Я очень люблю, когда к нам приходят родители или мы отправляемся к ним в гости, — последнее даже лучше, потому что там Оля встречается со своей прабабушкой Ольгой Степановной. Так сильно их взаимное притяжение и поглощенность, что я чувствую себя лишним — как будто очутился в доме молодоженов, которые заняты только собой, а мне остается не мешать им. Слоняюсь по комнатам, читаю вполинтереса старые книги и новые газеты. И Оля в такие часы почти что равнодушна ко мне, едва замечает и не отзывается. За то, что я бываю к ней строже, чем дедушка и бабушки, мне здесь воздается сполна.

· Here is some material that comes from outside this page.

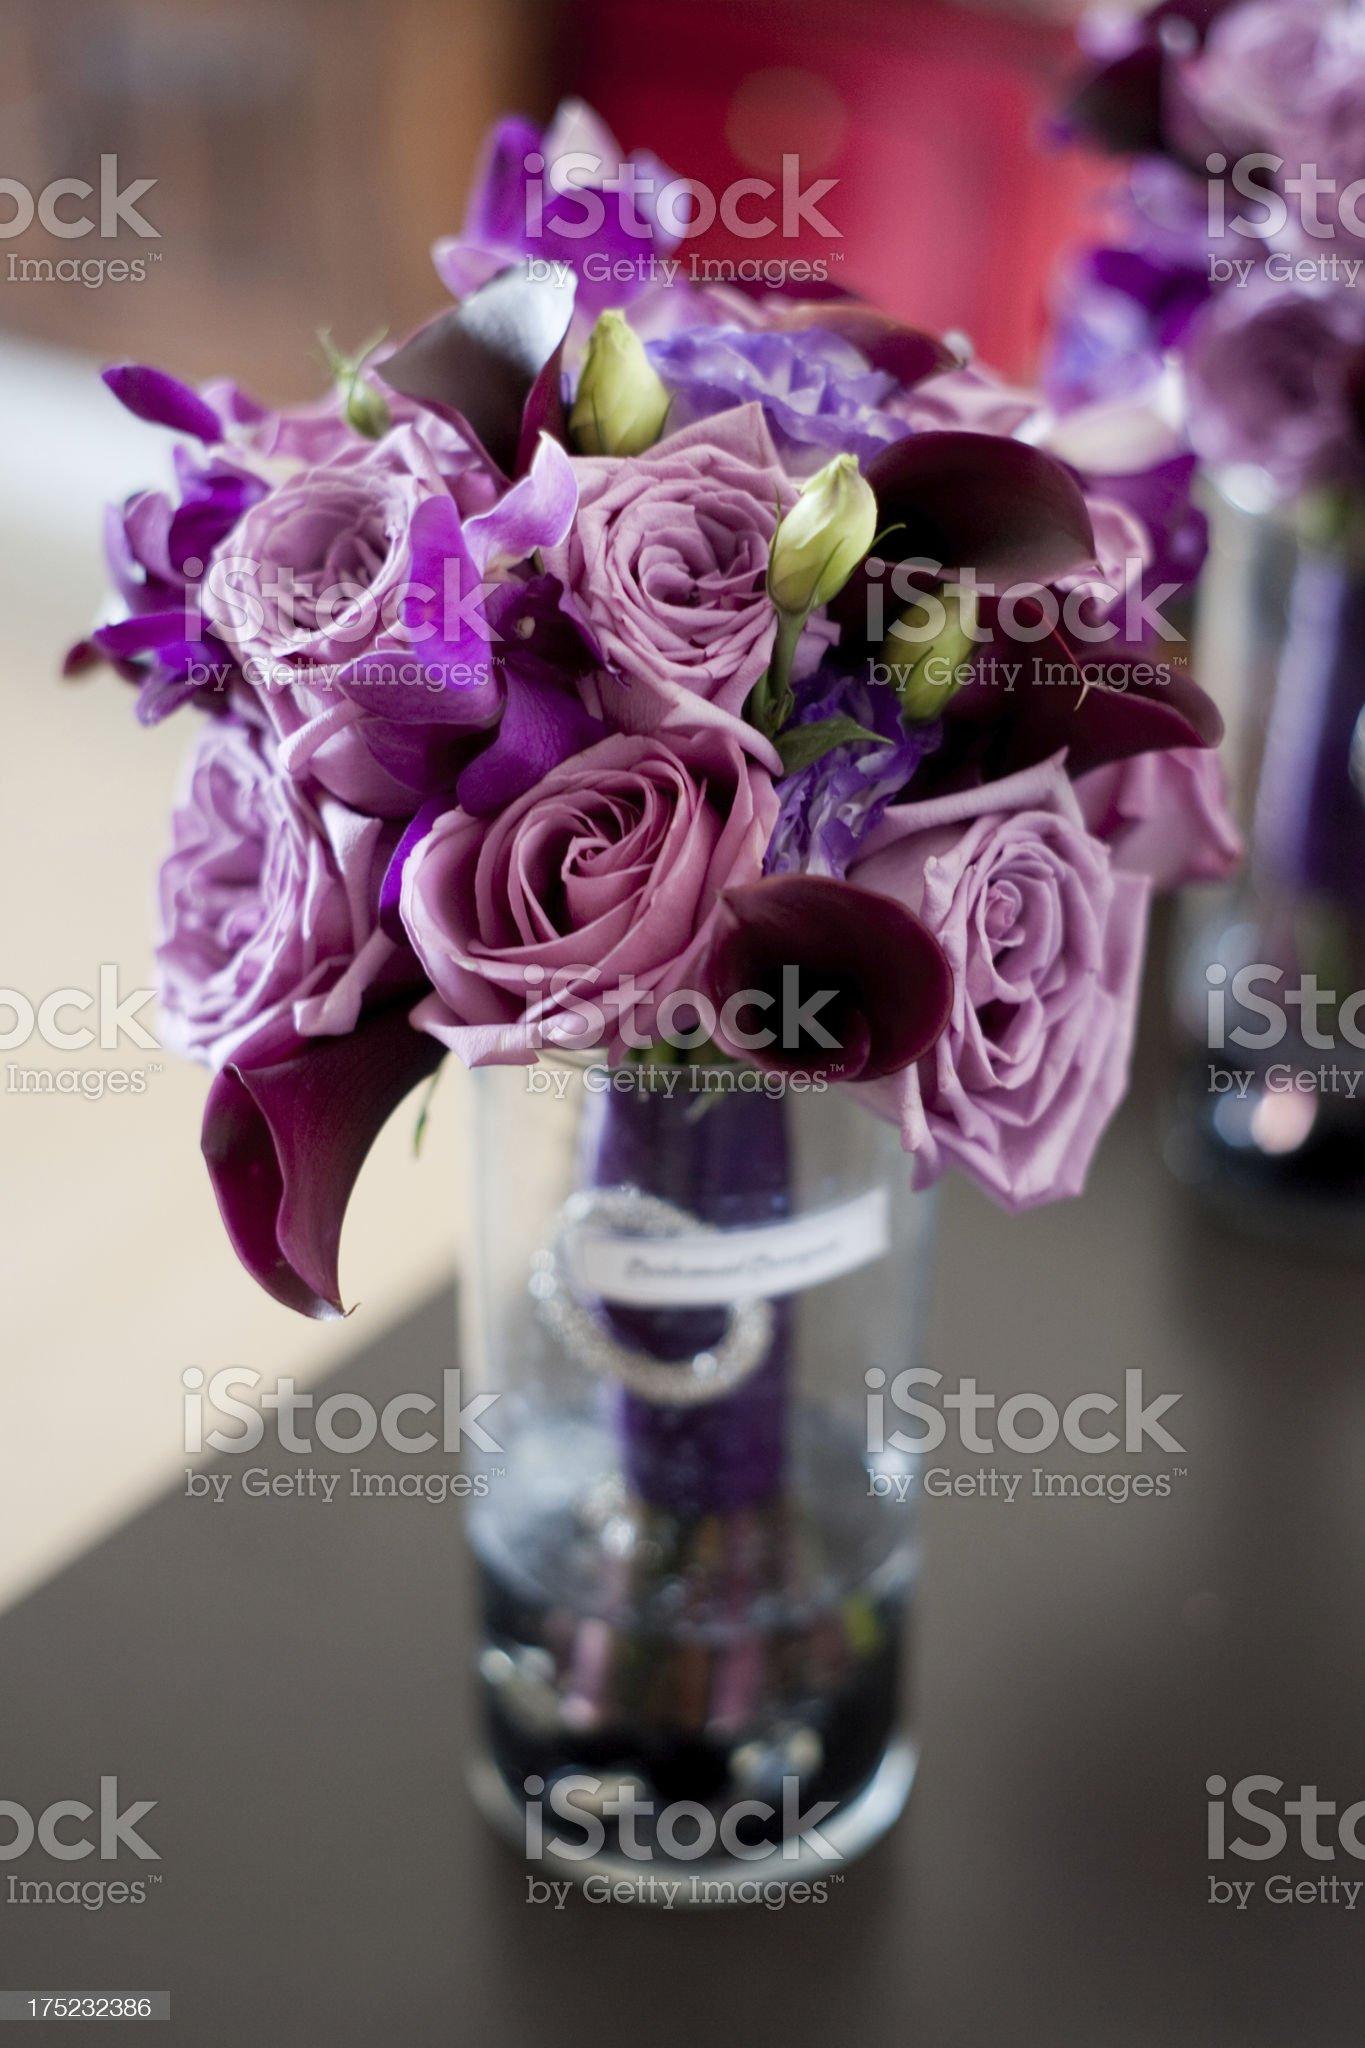 Beautiful Floral Arrangement Bridal Bouquet of Purple Flowers royalty-free stock photo

Но хотя на меня никто не обращает внимания, я люблю здесь бывать: через меня протекает счастье рода, замкнувшегося своими началами и концами. Как середина, я пуст и незначащ, мне остается лишь участь промежуточного звена, без которого не могла бы состояться встреча. Но нигде Олю не любят так, как здесь, и нигде я так не оправдан самим существованием своим — ведь ее бы не было без меня. В этом доме, бродя без дела, я блаженнее, чем где-либо, — и никто не дает этого почувствовать с такой силой, как бабушки и дедушки. Другие люди от меня чего-то ждут, я могу не успеть, не выполнить, не достичь — но здесь я уже достиг всего, чего мог: жизни новой и совершенной, не дающей нам всем умереть.
2
К моей маме у Оли особое, более горячее отношение, чем к нам. Стоит маме показаться в дверях, и дитя сразу дышит учащенно и ножками-ручками бурно размахивает. Или вот сейчас: онауже стала похныкивать, я ее одевал ко сну — но мама вошла и присела на краешек дивана, и Оля сразу успокоилась, ухватилась за ее руку и смотрит в глаза так нежно, доверчиво, даже смеется своими тихими горловыми воркованиями. А ведь мы с Олей гораздо больше проводим времени — но такого явного предпочтения нам, как маме, она не оказывает. Мама для нее — личность, а мы — просто взрослые люди, и она, что со мной, что с Л., одинаково себя держит: то больше расположена к одному, то к другому, но без резкой разницы.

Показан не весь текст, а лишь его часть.